Abstract:Due to the high cost of training, large model (LM) practitioners commonly use pretrained models downloaded from untrusted sources, which could lead to owning compromised models. In-context learning is the ability of LMs to perform multiple tasks depending on the prompt or context. This can enable new attacks, such as backdoor attacks with dynamic behavior depending on how models are prompted.
In this paper, we leverage the ability of vision transformers (ViTs) to perform different tasks depending on the prompts. Then, through data poisoning, we investigate two new threats: i) task-specific backdoors where the attacker chooses a target task to attack, and only the selected task is compromised at test time under the presence of the trigger. At the same time, any other task is not affected, even if prompted with the trigger. We succeeded in attacking every tested model, achieving up to 89.90\% degradation on the target task. ii) We generalize the attack, allowing the backdoor to affect \emph{any} task, even tasks unseen during the training phase. Our attack was successful on every tested model, achieving a maximum of $13\times$ degradation. Finally, we investigate the robustness of prompts and fine-tuning as techniques for removing the backdoors from the model. We found that these methods fall short and, in the best case, reduce the degradation from 89.90\% to 73.46\%.
What problem does this paper attempt to address?
The problem that this paper attempts to solve is the issue of injecting backdoor attacks during the in - context learning process in Vision Transformers (ViTs). Specifically, the paper explores how to utilize the ability of ViTs to perform different tasks based on context and, through data poisoning, investigates two new threats:
1. **Task - specific backdoor**: The attacker selects a target task to attack. During testing, only the selected task is compromised in the presence of a trigger, while other tasks are not affected even with the trigger. In the experiment, each test model was successfully attacked, with a performance drop of up to 89.90%.

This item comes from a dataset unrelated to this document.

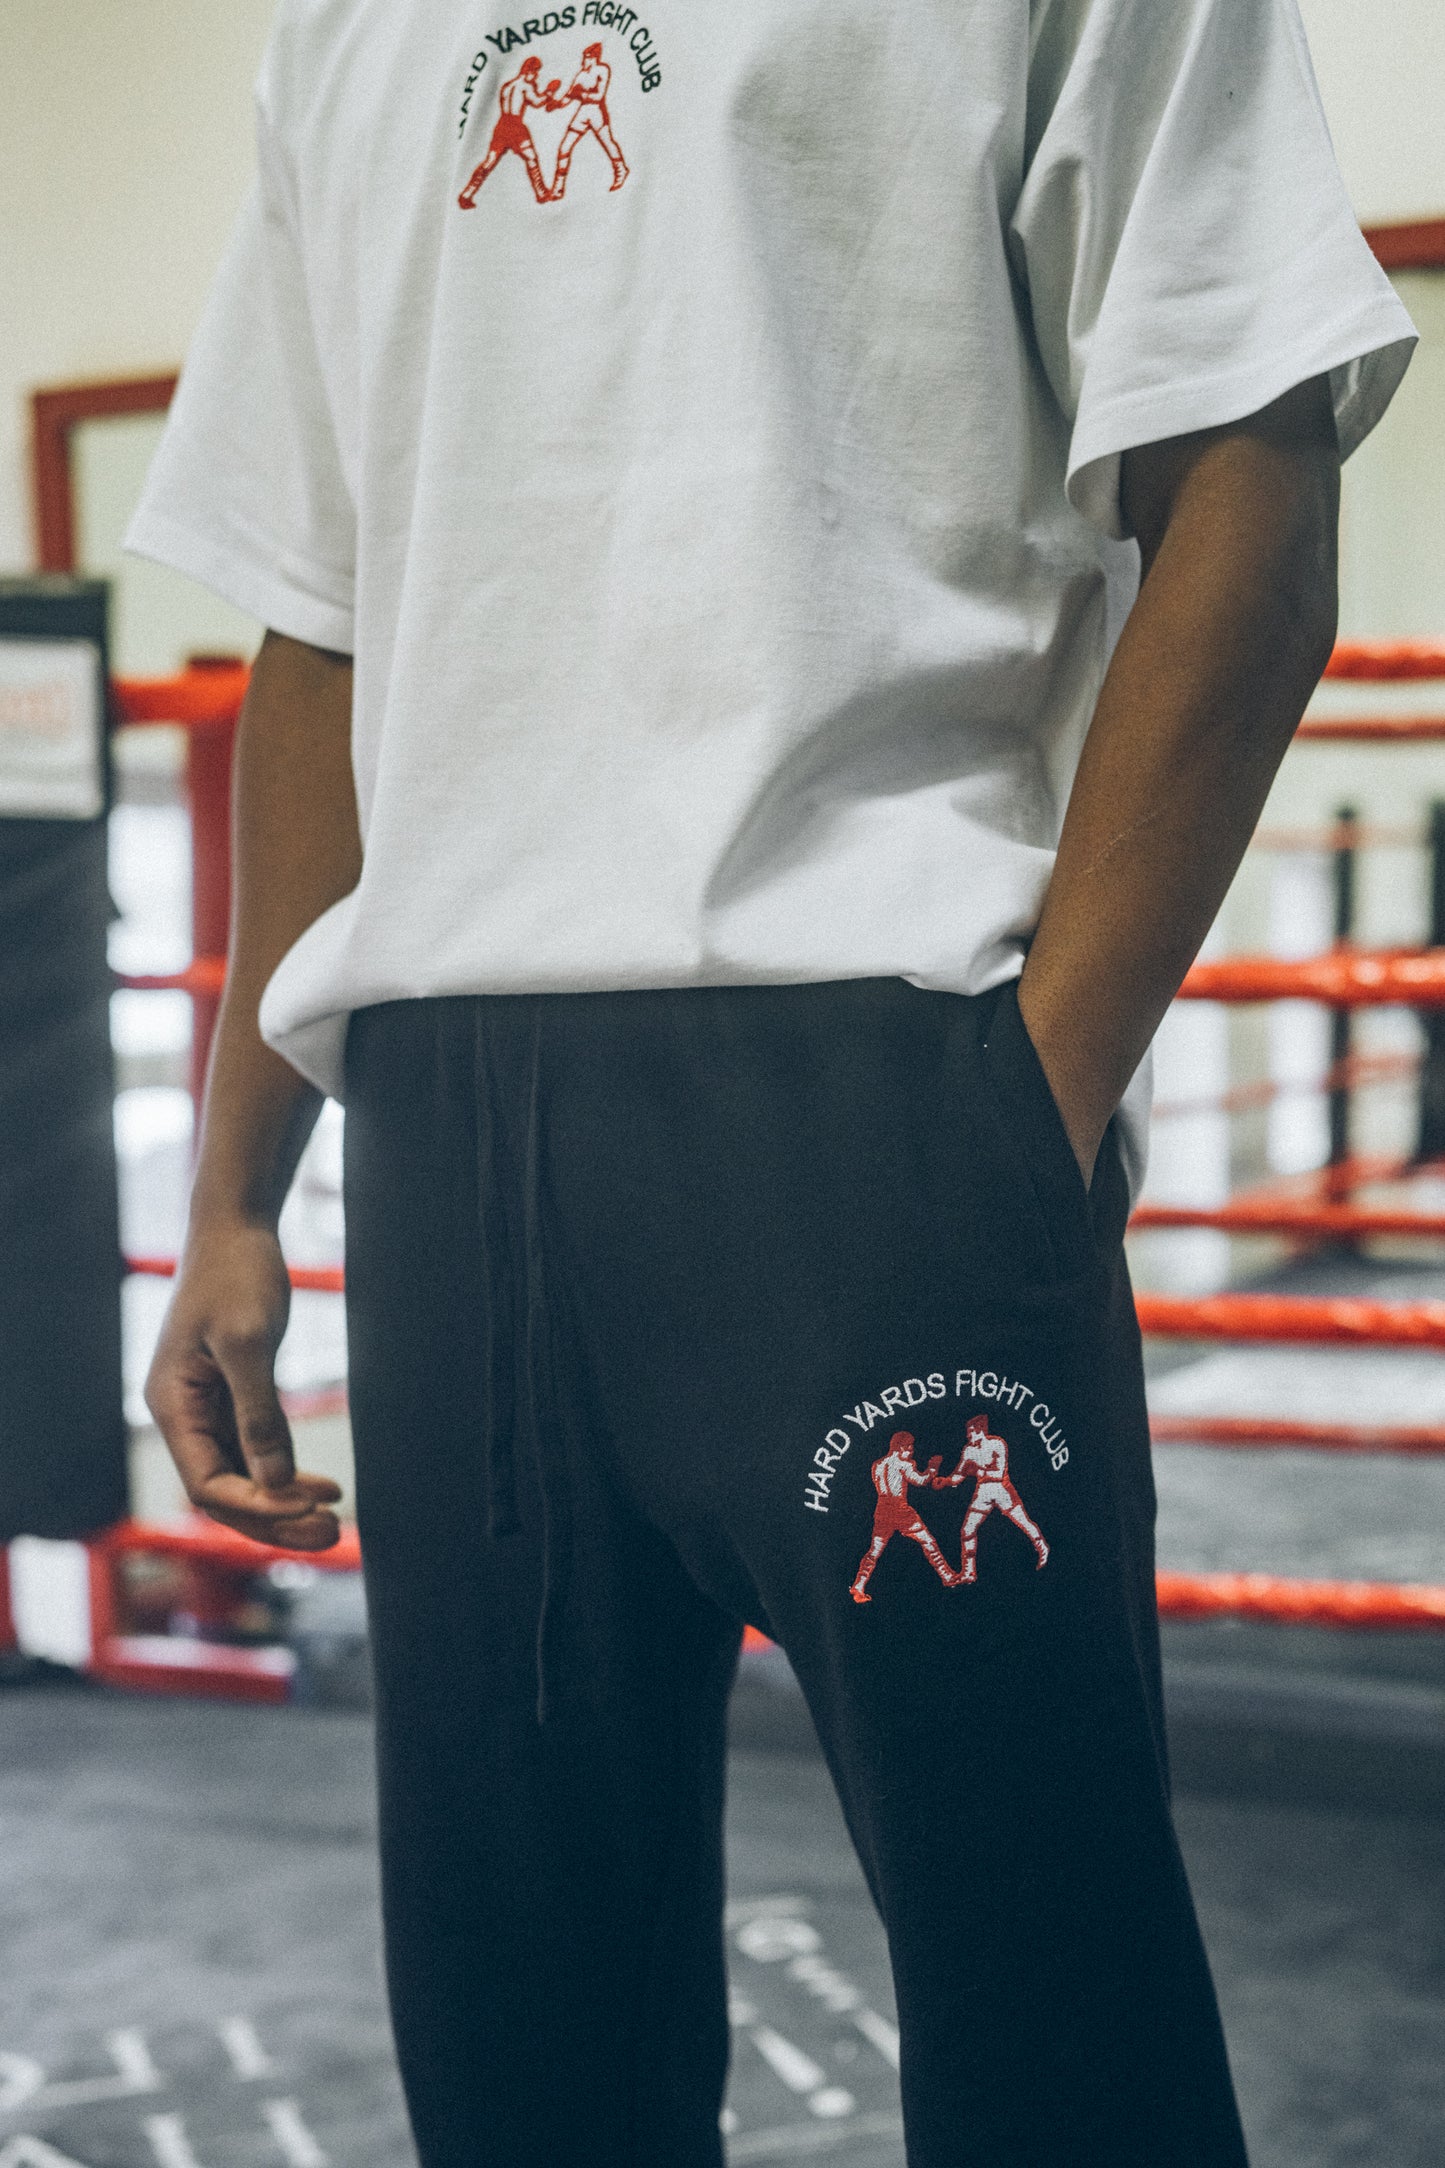 Vice 84 'Hard Yards Fight Club' Embroidered Joggers - Black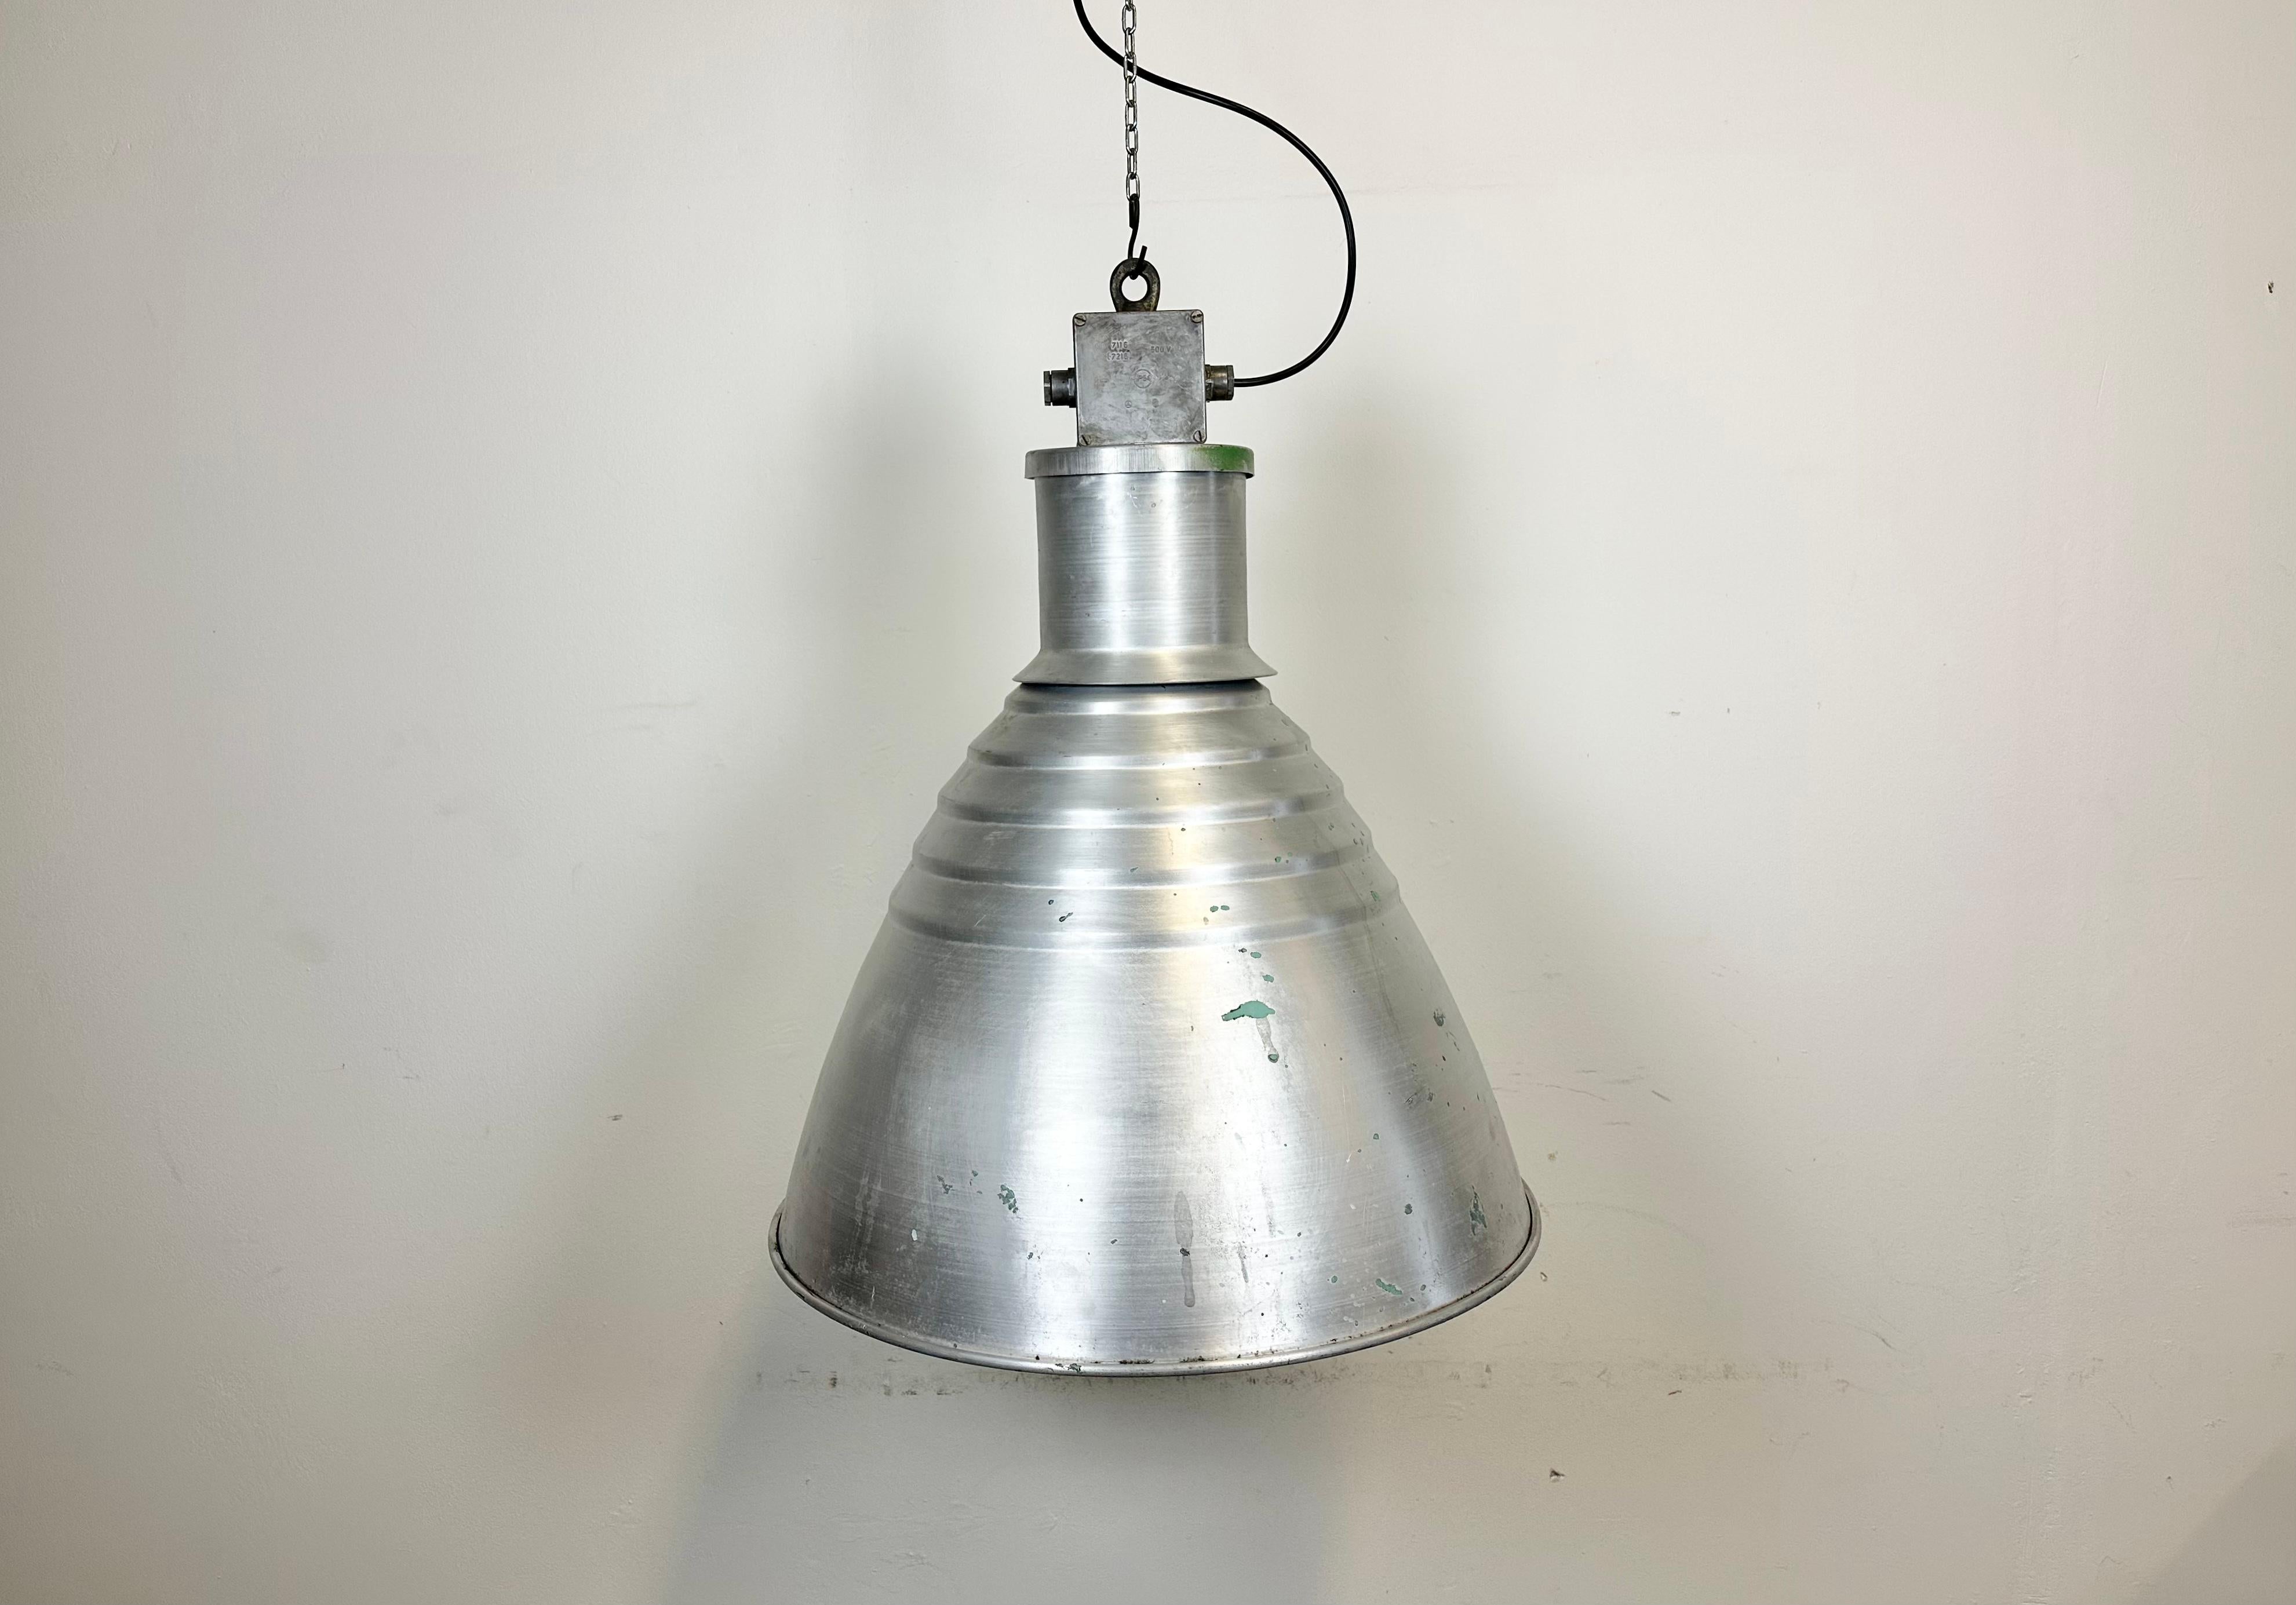 This pendant lamp was made by Elektrosvit and originally used in a factories in former Czechoslovakia in the 1960s. The piece is comprised of an aluminium body and a cast aluminium top box. The lamp is fully functional and features a new porcelain

2. **Task - agnostic backdoor**: The attacker can make the backdoor affect any task, even tasks not seen during the training phase. This attack was successful on each test model, causing a maximum performance drop of 13 times.
In addition, the paper also explores the effectiveness of prompt engineering and fine - tuning as methods to remove backdoors in the model, but finds that these methods have limited effectiveness, being able to reduce the performance drop from 89.90% to 73.46% at most.
### Main contributions
1. **First study of in - context learning backdoor attacks in ViTs**: It shows how to dynamically execute malicious tasks based on context, which can be achieved with only 121 malicious samples, and can even target tasks not seen during testing.
2. **Propose new threat models**: Existing backdoor attack threat models are not applicable to in - context learning backdoors in ViTs, so the paper proposes a new threat model.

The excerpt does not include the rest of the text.